## [WORK REQUIRED]
Please transcribe the data that follows without the pictures, keeping every word the same.

## [PROVIDED DATA]
**********

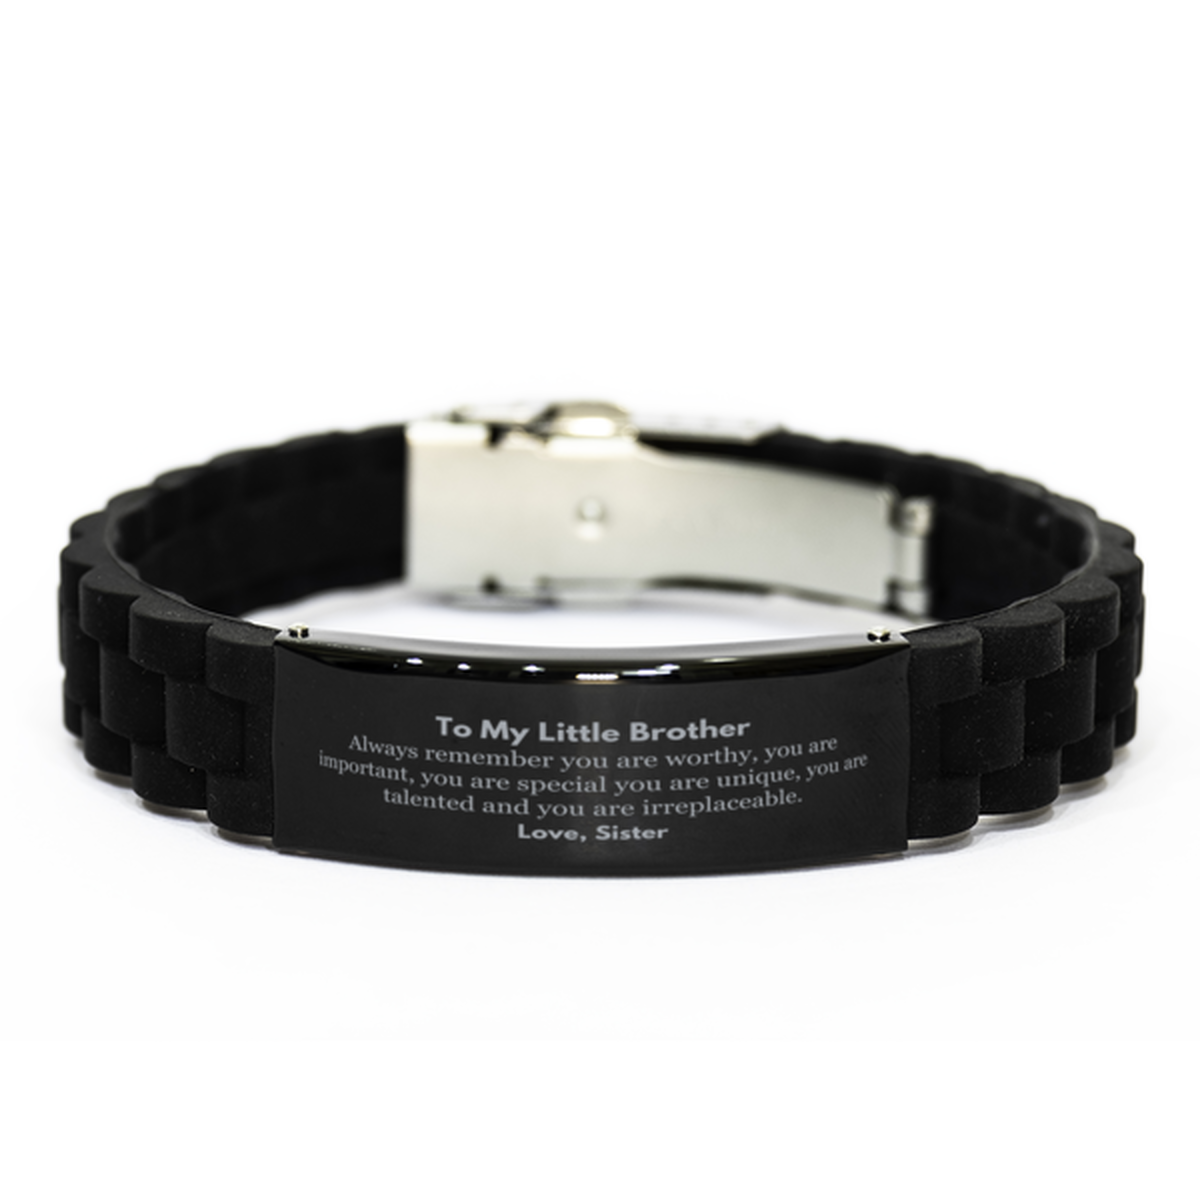 Little Brother Birthday Gifts from Sister, Inspirational Black Glidelock Clasp Bracelet for Little Brother Christmas Graduation Gifts for Little Brother Always remember you are worthy, you are important. Love, Sister
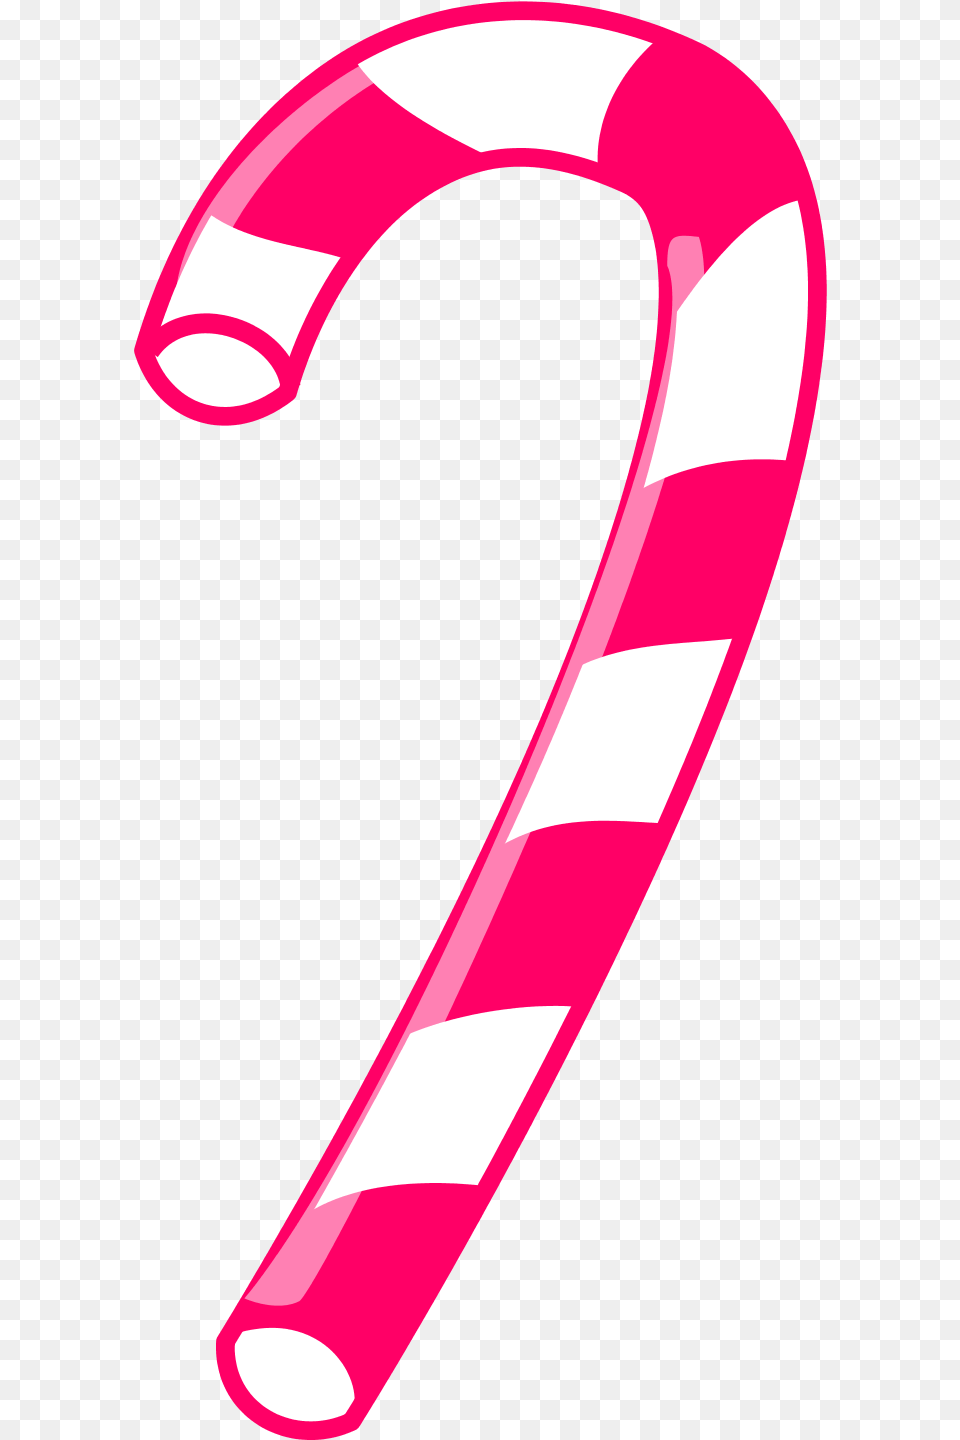 Candy Cane Clipart 10 1600 X 1600 Webcomicmsnet Candy Clip Art, Food, Sweets, Stick, Dynamite Png
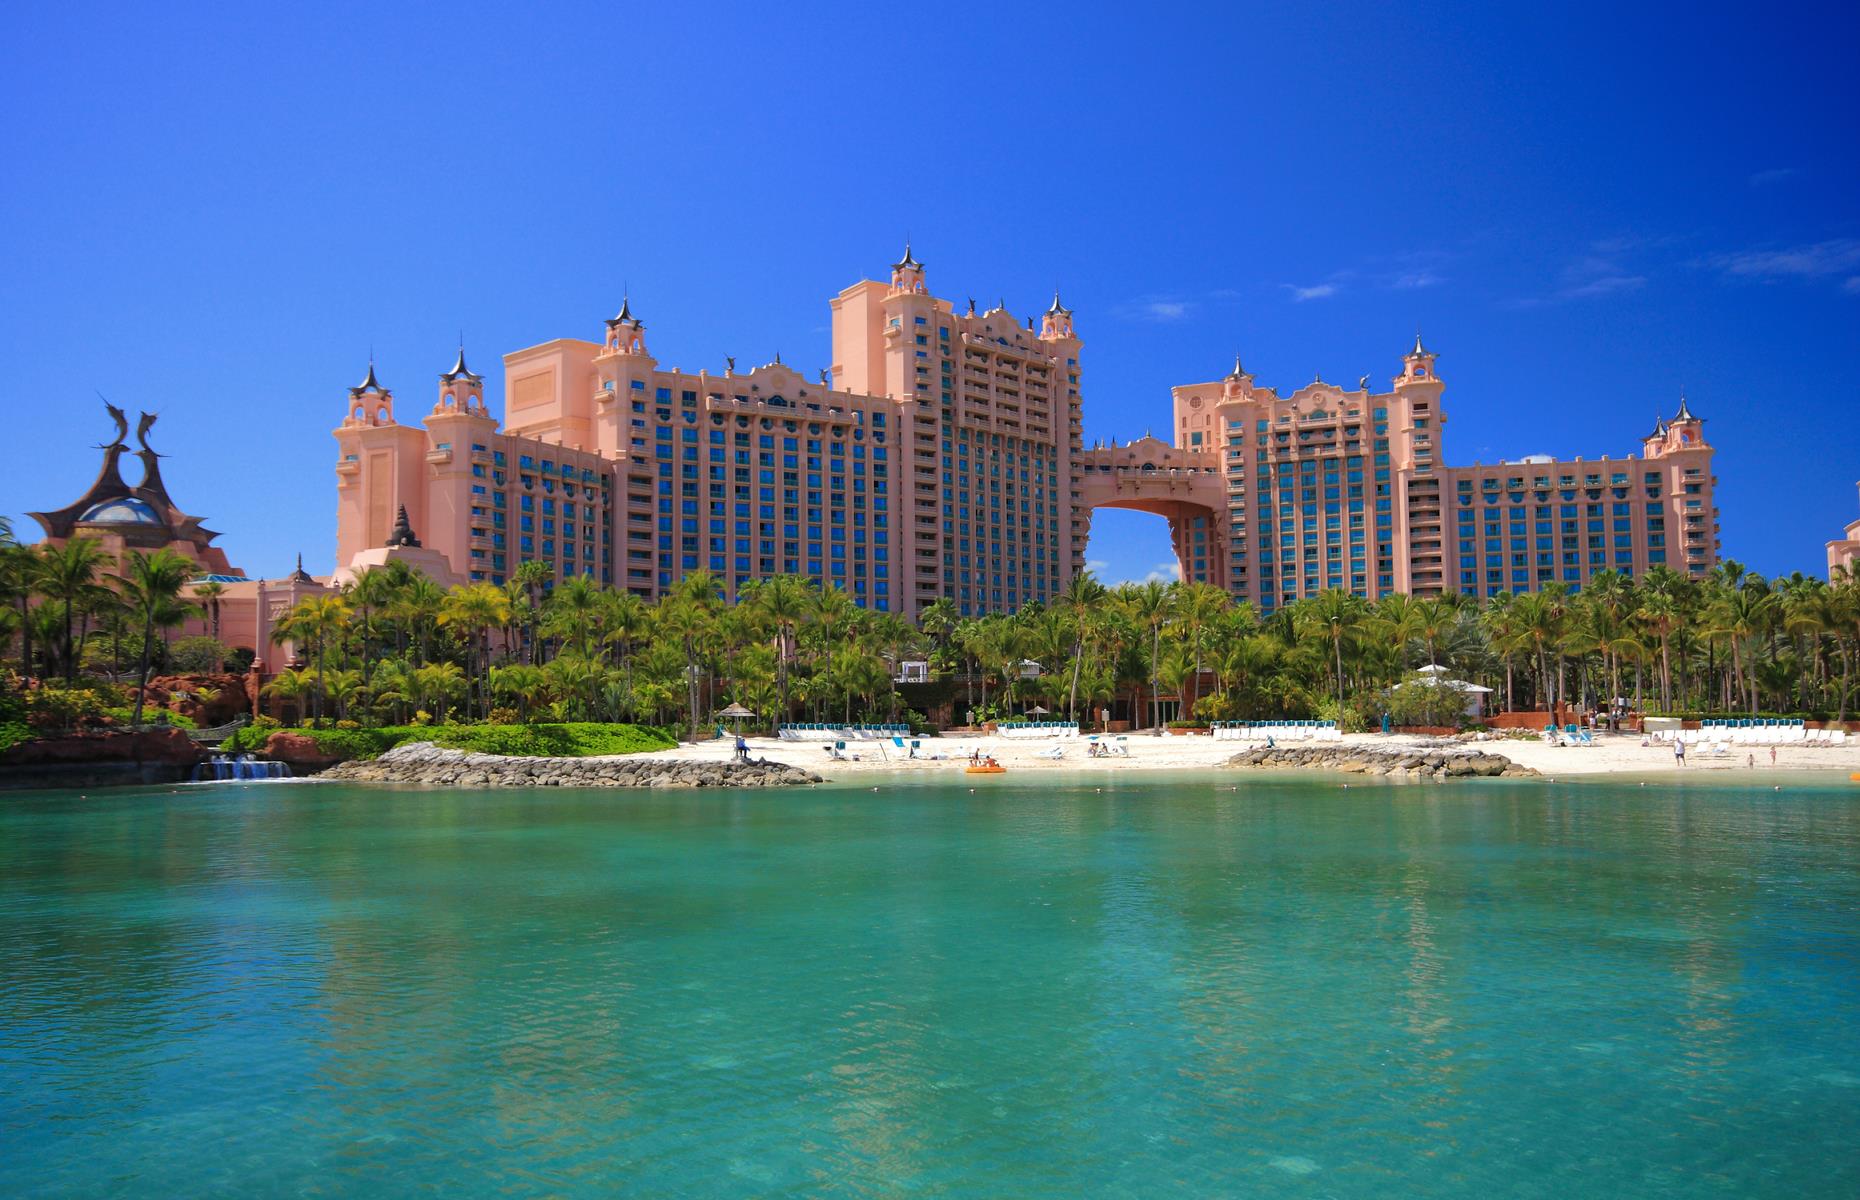 <p>Inspired by the legend of the lost city of Atlantis, this larger-than-life hotel on Paradise Island opened in 1998. A $1 billion expansion followed in 2007, adding to Atlantis’ room count which now totals 3,414. The largest in the Caribbean, the sprawling tropical resort has more than 40 bars and restaurants, a marina and Aquaventure, a 41-acre water park complex that is the largest in the region, along with a casino and theater.</p>

**********

## [THE ANSWER]
 Little Brother Birthday Gifts from Sister, Inspirational Black Glidelock Clasp Bracelet for Little Brother Christmas Graduation Gifts for Little Brother Always remember you are worthy, you are important. Love, Sister
 Candy Cane Clipart 10 1600 X 1600 Webcomicmsnet Candy Clip Art, Food, Sweets, Stick, Dynamite Png
 <p>Inspired by the legend of the lost city of Atlantis, this larger-than-life hotel on Paradise Island opened in 1998. A $1 billion expansion followed in 2007, adding to Atlantis’ room count which now totals 3,414. The largest in the Caribbean, the sprawling tropical resort has more than 40 bars and restaurants, a marina and Aquaventure, a 41-acre water park complex that is the largest in the region, along with a casino and theater.</p>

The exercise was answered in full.